A computer program is said to learn from experience E with respect to some class of tasks T, and performance measure P, if its performance at tasks in T, as measured by P, improves with experience E. 

Thus there are many different kinds of machine learning, depending on 
- the nature of the tasks T we wish the system to learn, 
- the nature of the performance measure P we use to evaluate the system, 
- and the nature of the training signal or experience E we give it

In this book, we will cover the most common types of ML, but from a probabilistic perspective.
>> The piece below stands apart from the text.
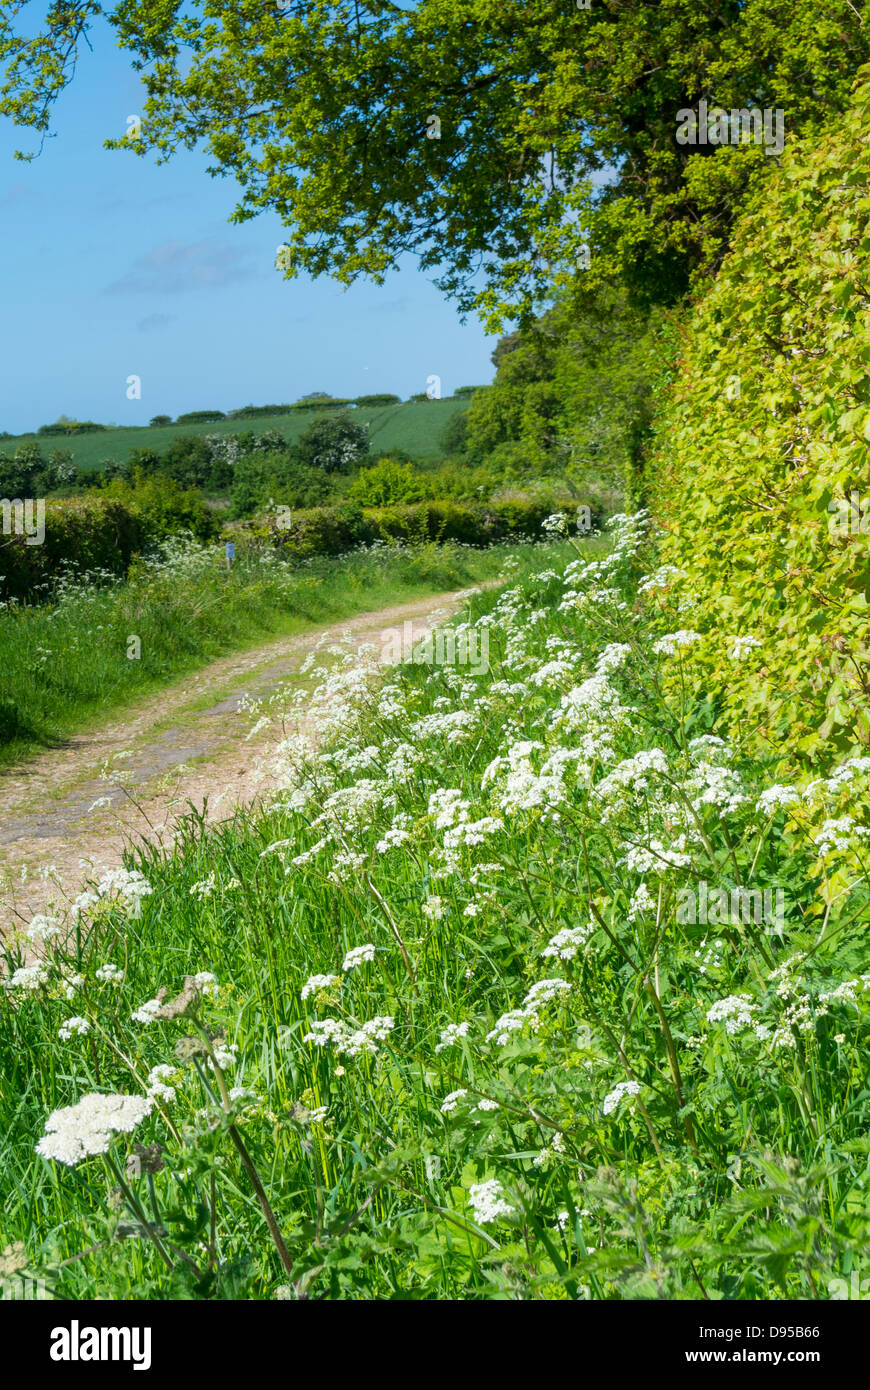 quiet, lane, track, deserted, no one, blue sky, summer, sun, hedgerows, Stock Photo

Roughly speaking, this means that we treat all unknown quantities (e.g., predictions about the future value of some quantity of interest, such as tomorrow’s temperature, or the parameters of some model) as random variables, that are endowed with probability distributions which describe a weighted set of possible values the variable may have.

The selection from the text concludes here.